DATA BLOCK →
------------------------------------------------------------

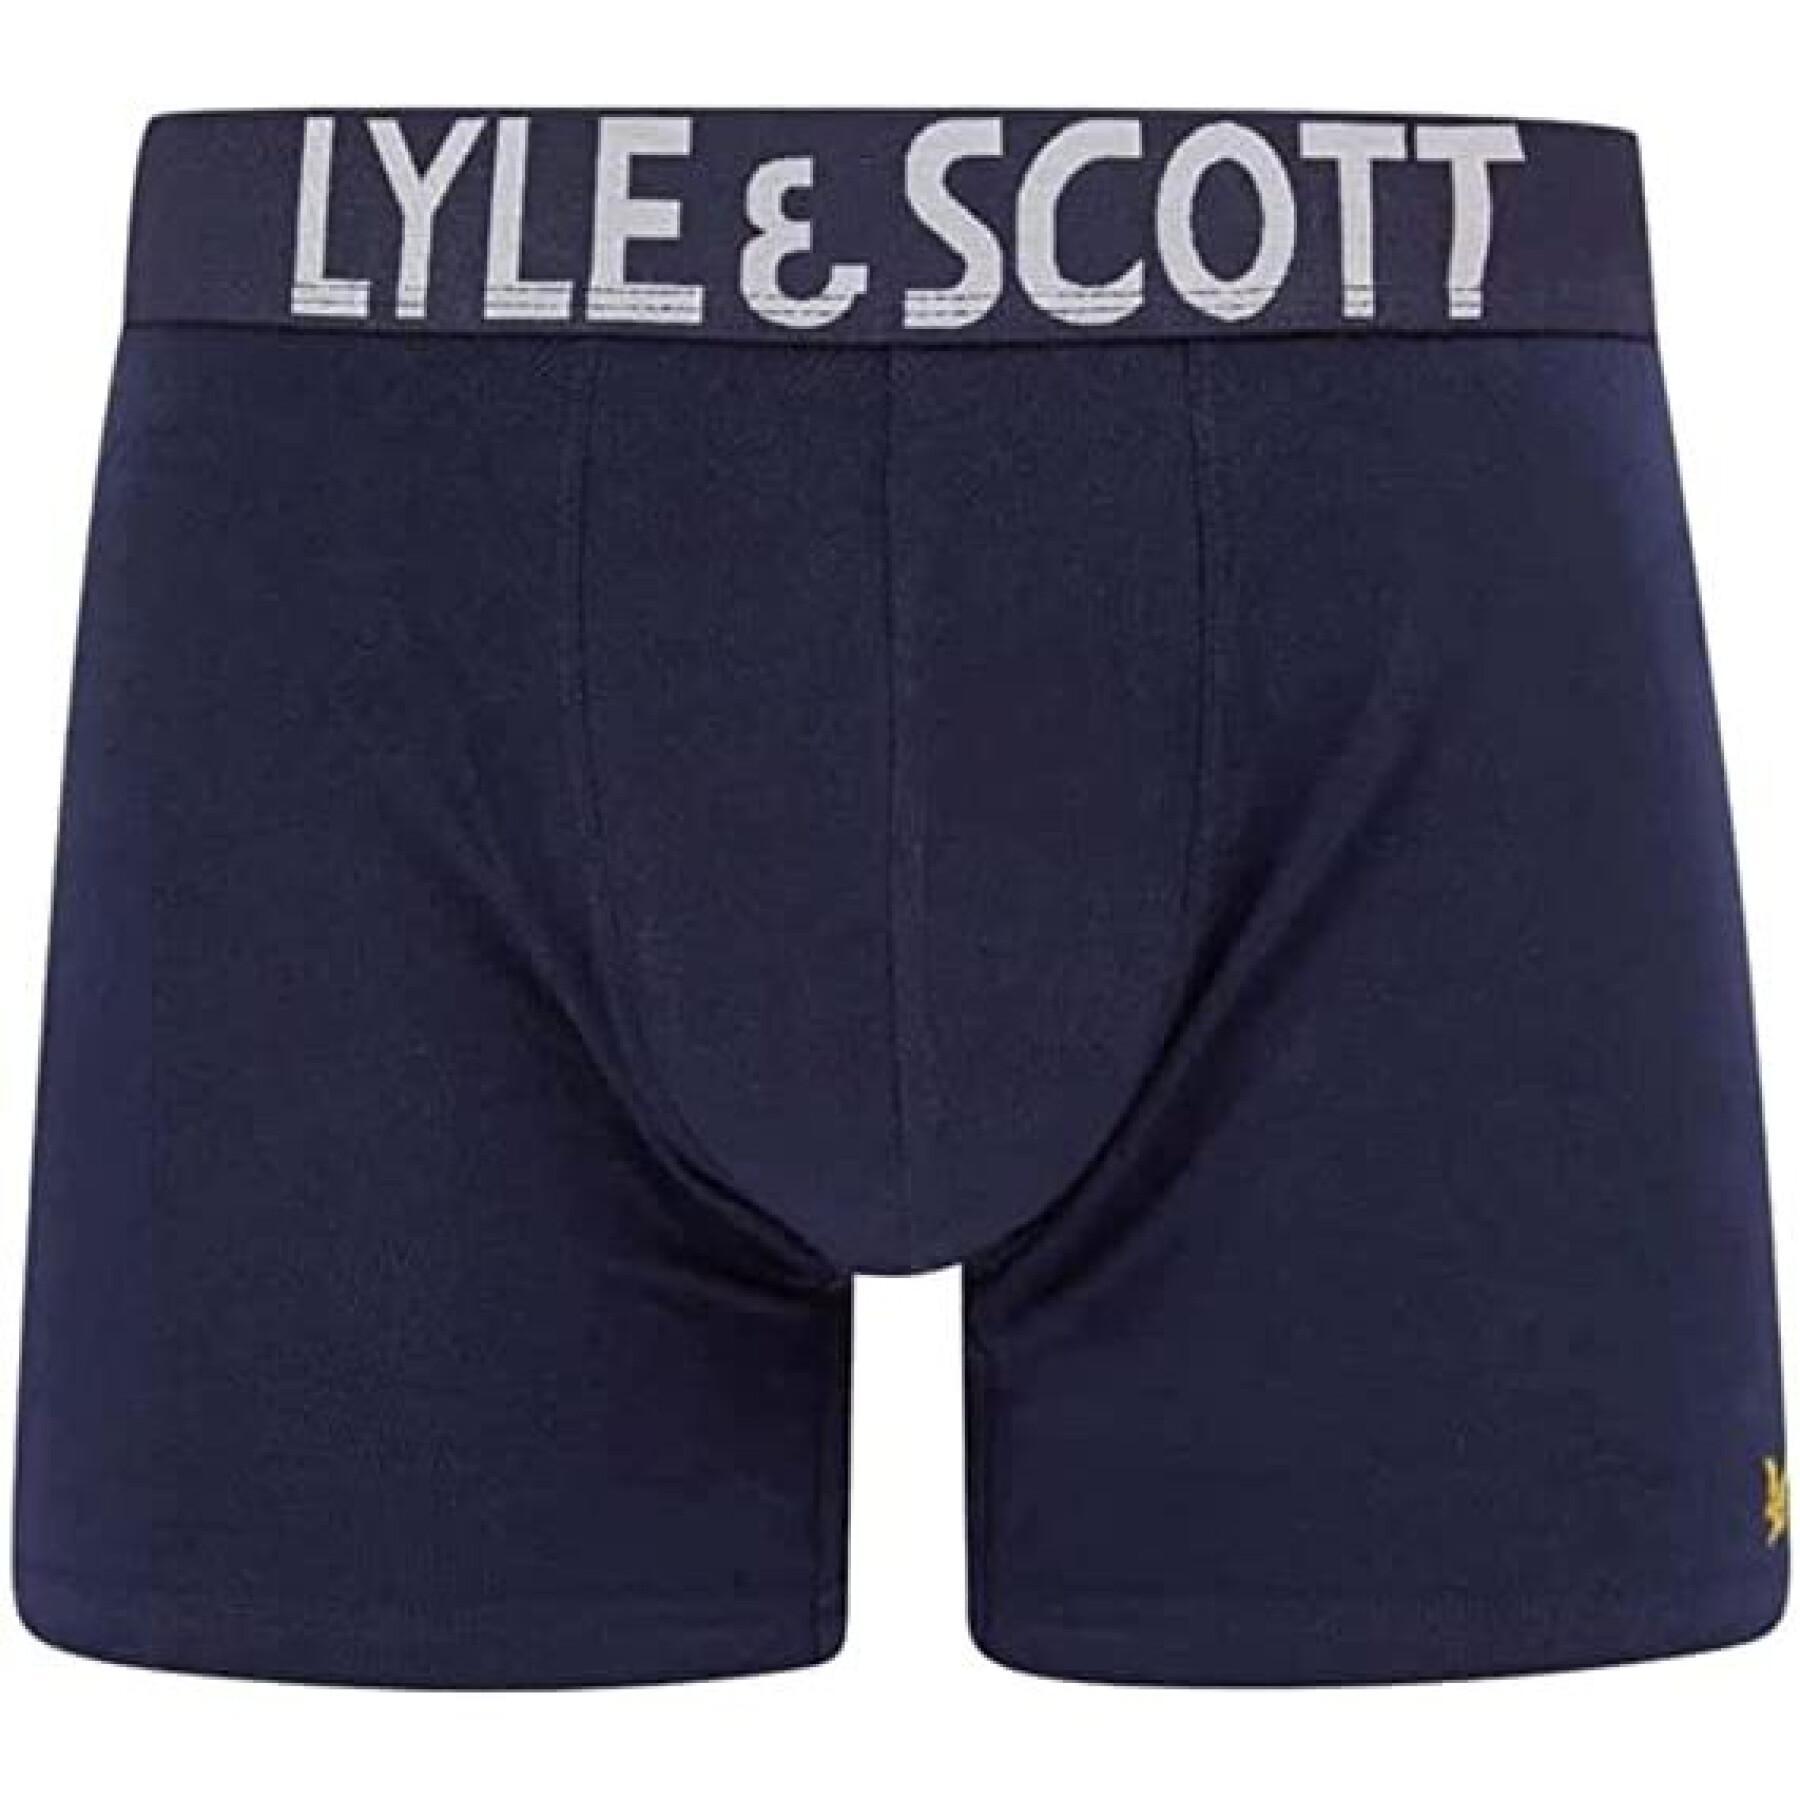 Förpackning med 3 boxershorts Lyle & Scott Daniel
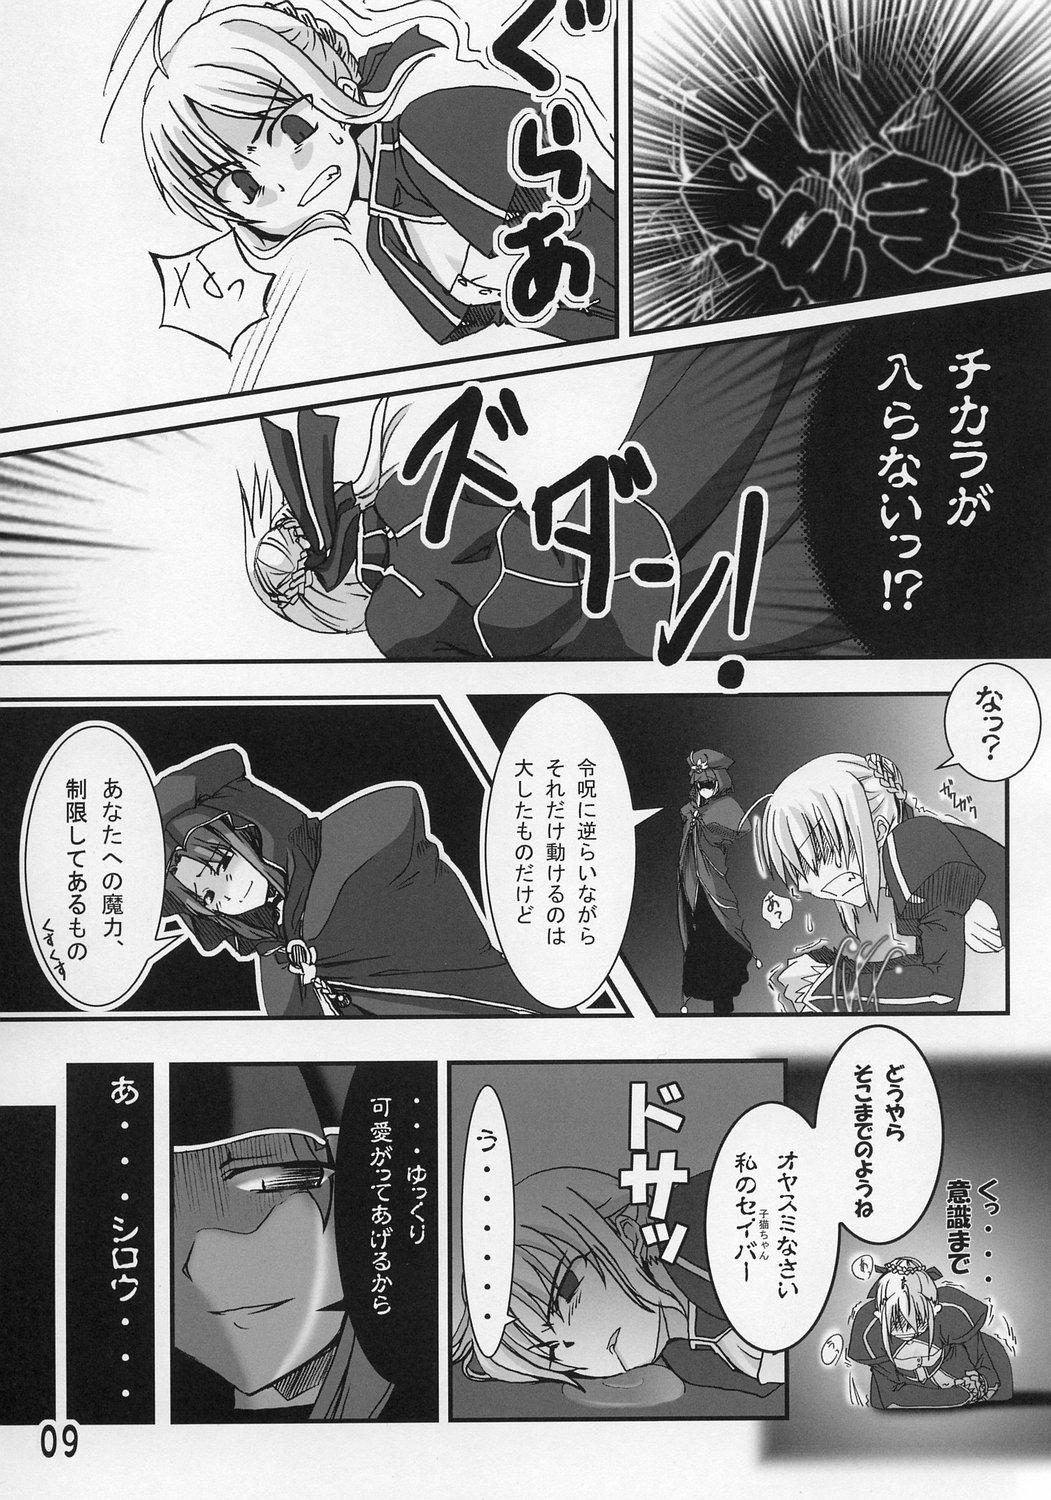 Publico Ousama no Kakushigoto. - Fate stay night Threesome - Page 8
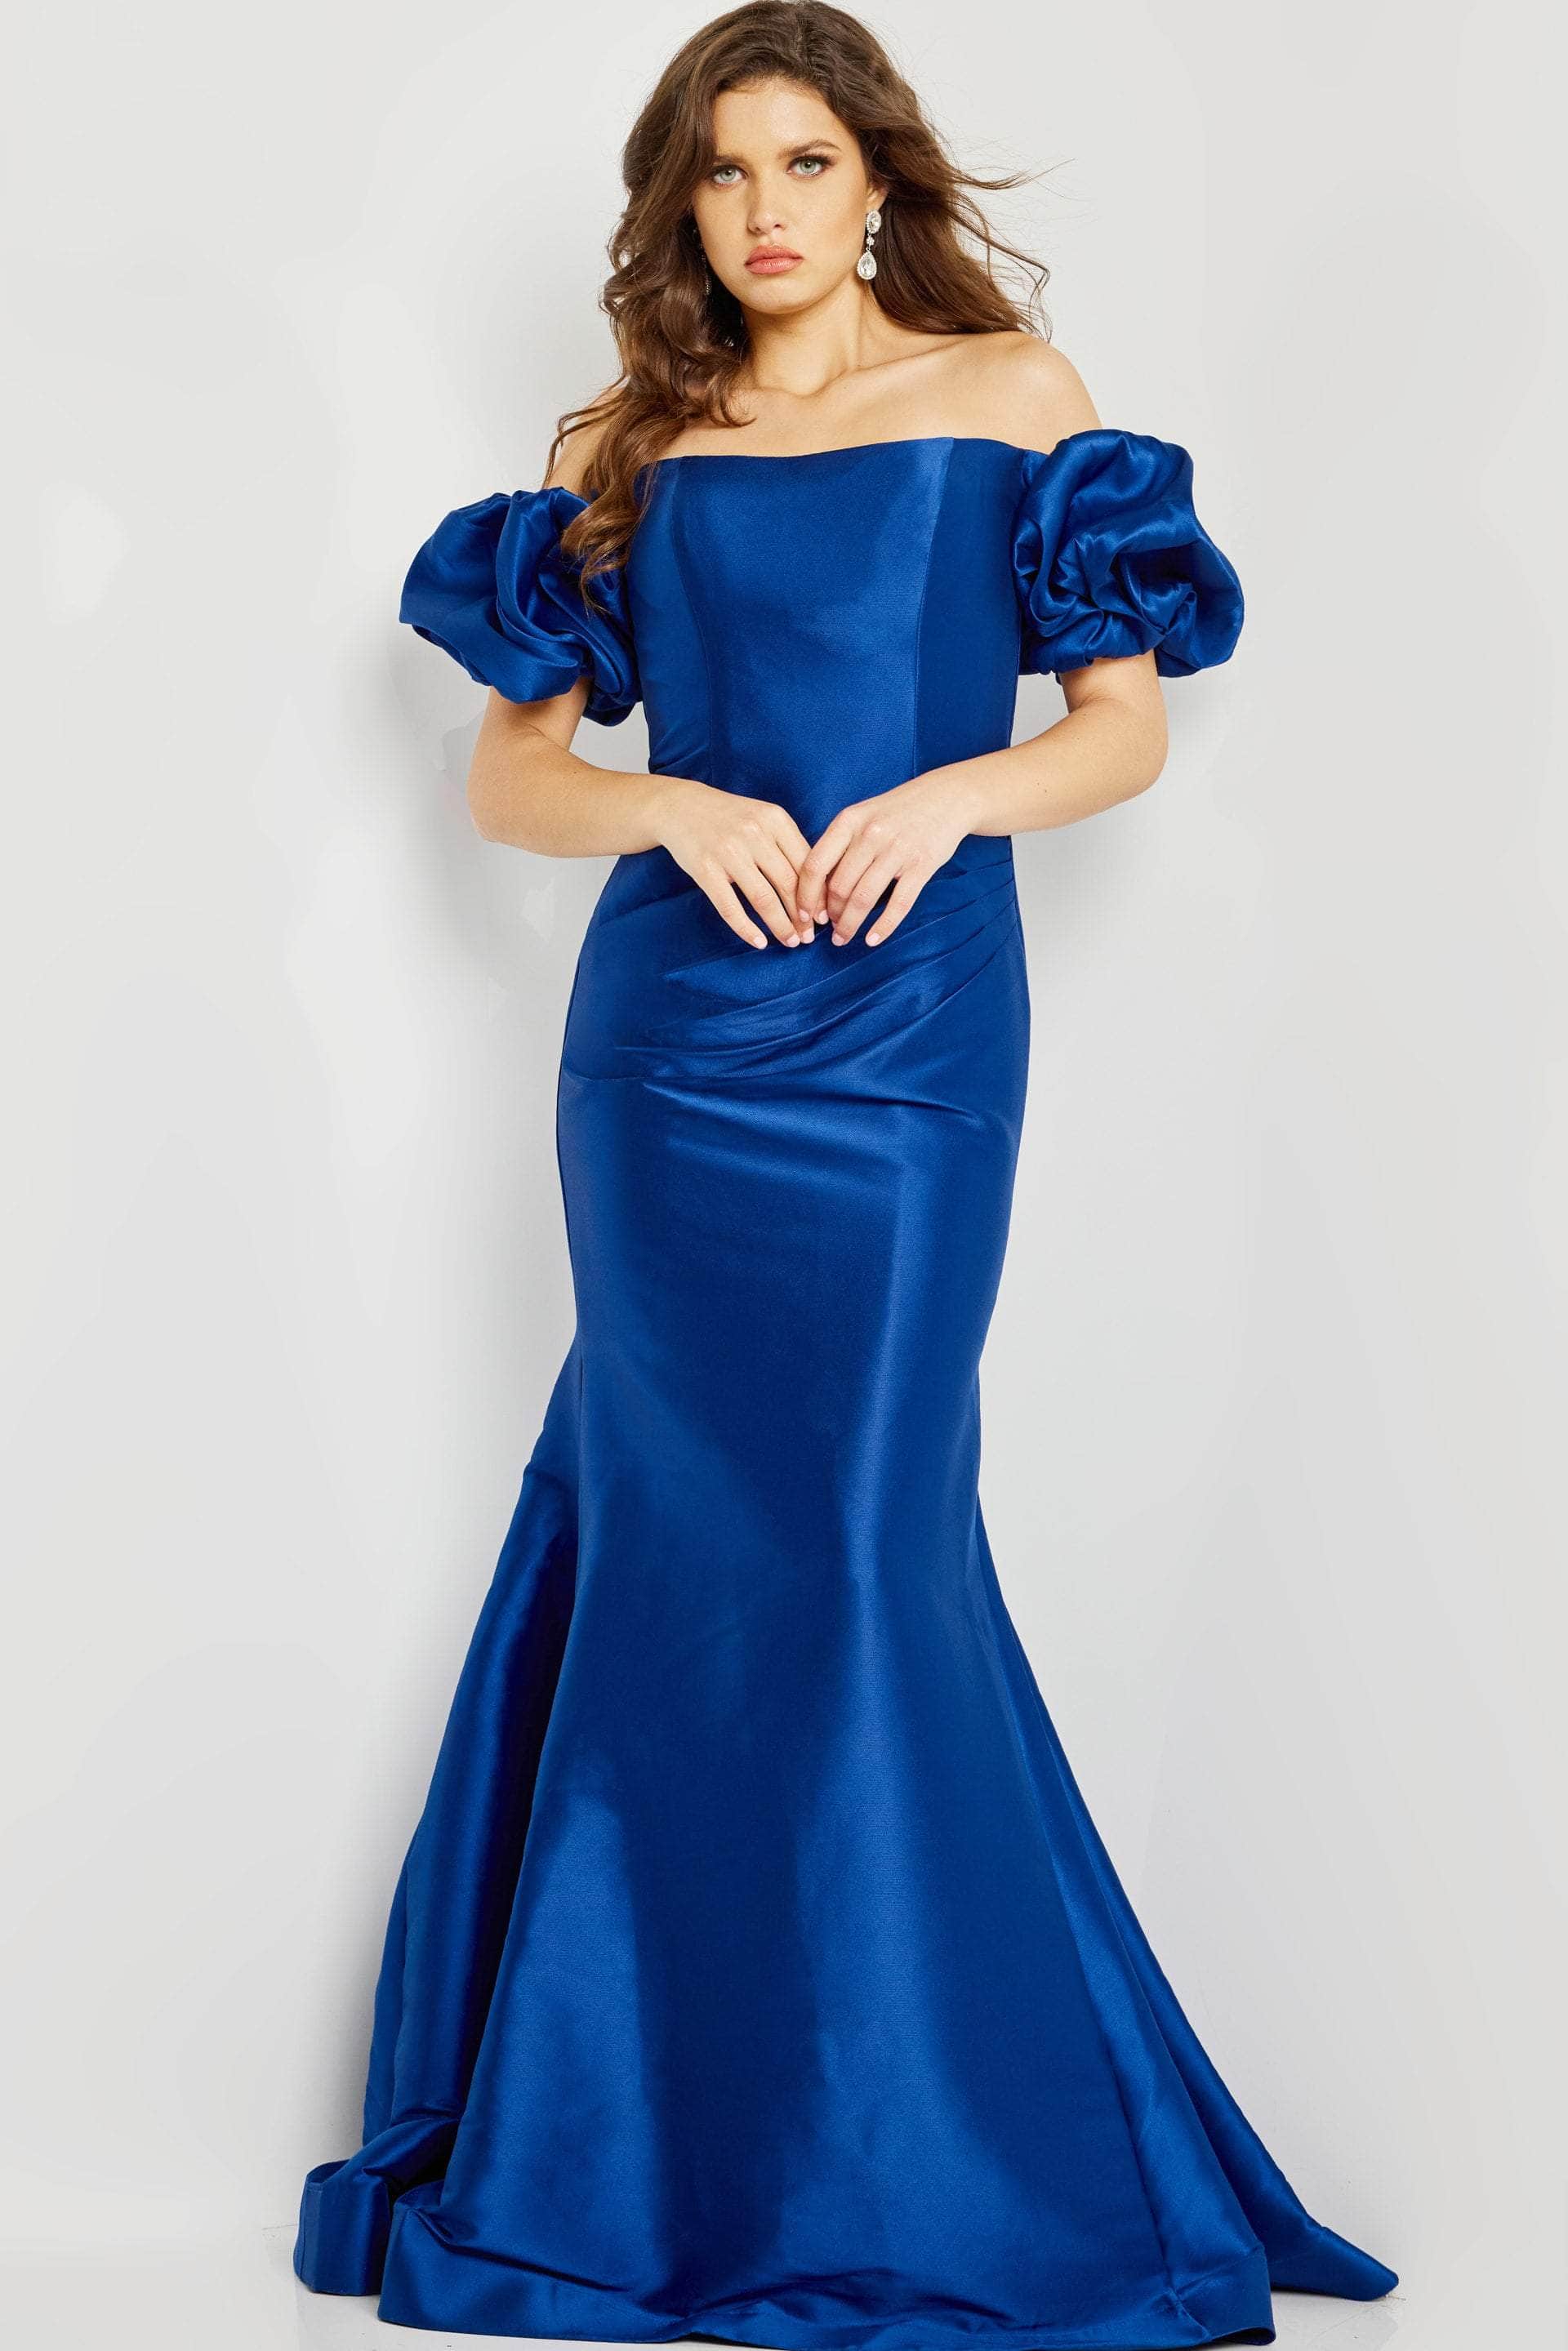 VÉV Collections Blue Marble/Tye Dye Dress Large

------------------------------------------------------------

EXERCISE INSTRUCTIONS →
Nothing but the pictures should be left out when the material above is copied.

TASK OUTPUT →
 Förpackning med 3 boxershorts Lyle & Scott Daniel
 Publico Ousama no Kakushigoto. - Fate stay night Threesome - Page 8
 VÉV Collections Blue Marble/Tye Dye Dress Large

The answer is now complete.